L’enseignement de l’histoire en Turquie (Ismail H. Demircioglu)
Je travaille en didactique de l’histoire à titre de didacticien et chercheur en histoire depuis plus de 15 ans. J’ai obtenu un doctorat en didactique de l’histoire à Birmingham, au R.-U., et je mène des recherches sur la didactique de l’histoire et sur l’enseignement de l’histoire et des sciences humaines en Turquie. J’ai aussi pris part à des projets internationaux traitant d’éducation patrimoniale, de revues d’histoire populaire et d’enseignement de la guerre froide. De plus, j’ai rédigé des livres en turc et en anglais, publié des articles, présenté des communications à des conférences internationales, organisé des congrès nationaux et internationaux, et je suis présentement responsable de l’enseignement aux futurs enseignants d’histoire au secondaire à mon université.
Je fais de la recherche dans divers domaines reliés à l’enseignement de l’histoire en Turquie, incluant l’histoire de l’enseignement de l’histoire, la didactique de l’histoire, les manuels d’histoire et l’éducation à la paix. Mes recherches démontrent que l’enseignement de l’histoire en Turquie, qui remonte en 1869 dans les écoles publiques, a connu de grands changements au fil des ans. En 1923 après la Première Guerre mondiale, Kemal Ataturk, le fondateur de la Turquie moderne, a créé un État-nation laïque et, au cours de l’ère Ataturk (1923-1938), l’histoire et l’enseignement de l’histoire ont fait l’objet d’une grande attention. En effet, Ataturk considérait l’enseignement de l’histoire comme un instrument important dans la création d’un État-nation moderne et laïque. L’enseignement de l’histoire était perçu comme un outil de transmission de l’identité turque au sein de la société. En d’autres mots, cet enseignement était utilisé dans une perspective de construction de la nation. L’enseignement de l’histoire comme transmetteur d’identité s’est poursuivi jusqu’au début du 21e siècle alors que les politiques d’enseignement de l’histoire ont connu une certaine brisure, causée principalement par le désir de se joindre à l’Union européenne.

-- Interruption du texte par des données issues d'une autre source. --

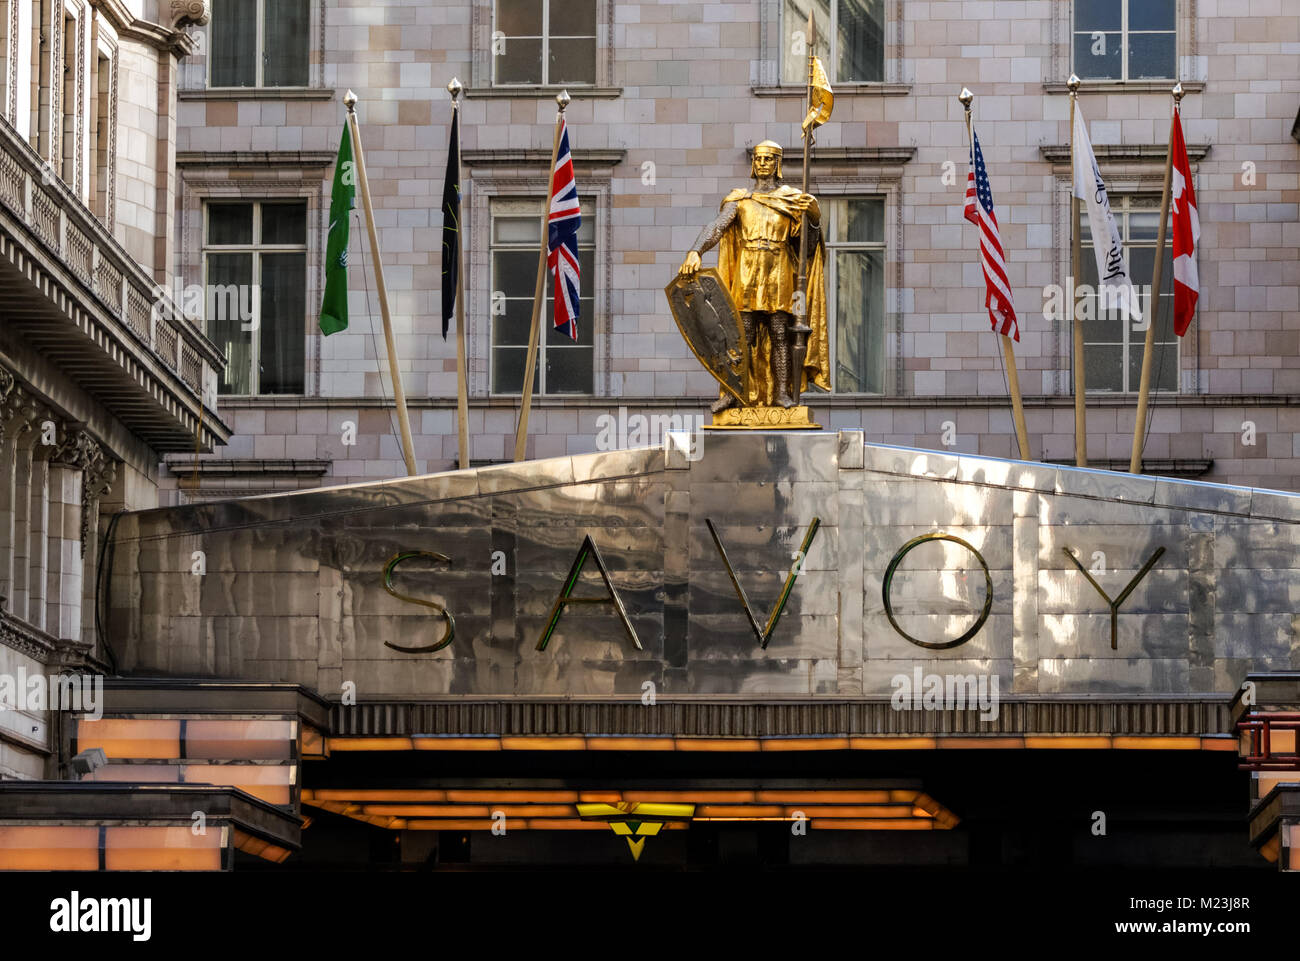 Savoy Hotel on Strand, exterior, entrance, London England United Kingdom UK Stock Photo

Au cours de la dernière décennie, il y a eu une réforme des programmes d’enseignement de l’histoire et des autres matières de base aux niveaux primaire et secondaire, l’objectif étant d’y intégrer les nouvelles approches développées dans le monde moderne. Avant ces changements, l’enseignement de l’histoire dans les écoles secondaires turques était critiqué, parce que les élèves, selon certains chercheurs, n’apprenaient que des noms, des dates et des évènements. Cet accent sur la mémorisation n’avait pas facilité le développement des habiletés supérieures de la pensée et cela était perçu comme un obstacle à l’intégration de la société turque au monde moderne. L’Union européenne exerçait aussi une certaine pression afin que la Turquie réforme l’enseignement et d’autres domaines. La combinaison de ces facteurs a provoqué des changements en enseignement de l’histoire et dans d’autres matières.
Bien que l’enseignement de l’histoire en Turquie ait connu des changements positifs, il existe encore des obstacles importants. Mes recherches indiquent que depuis 2010 il y a un déclin dans la qualité de l’enseignement fourni aux futurs enseignants d’histoire à cause de la piètre qualité de la structure des programmes d’enseignement. Il semble également que les futurs enseignants d’histoire ne reçoivent pas un soutien adéquat de la part de mentors pendant leurs stages d’enseignement. Par ailleurs, certains enseignants d’histoire au secondaire utilisent des approches d’enseignement démodées, notamment« le cours magistral », ce qui ne favorise pas chez les étudiants le développement d’habiletés supérieures de pensée. Ces enseignants ne possèdent pas non plus les compétences nécessaires pour mesurer et évaluer l’acquisition des connaissances. Une étude des examens d’histoire permet de constater que les enseignants conçoivent souvent leurs questions sur la base de la taxonomie de Bloom qui définit le niveau requis d’apprentissage des connaissances. Quant au matériel pédagogique, bien que les nouveaux manuels d’histoire en Turquie se soient améliorés par rapport aux anciens modèles, ils présentent encore des lacunes. Certaines illustrations ne sont pas claires et d’autres ne sont pas directement reliées au contenu. De plus, les manuels d’histoire adoptent une perspective patriarcale où les femmes et les enfants ne sont pas représentés adéquatement, et ils ne favorisent pas le développement d’habiletés supérieures de pensée ni n’incluent l’histoire contemporaine. En dernier lieu, mes recherches indiquent que l’enseignement de l’histoire en Turquie ne favorise pas la tolérance, le respect des droits de la personne ou la démocratie à un niveau acceptable alors que tous ces critères sont essentiels dans une société démocratique.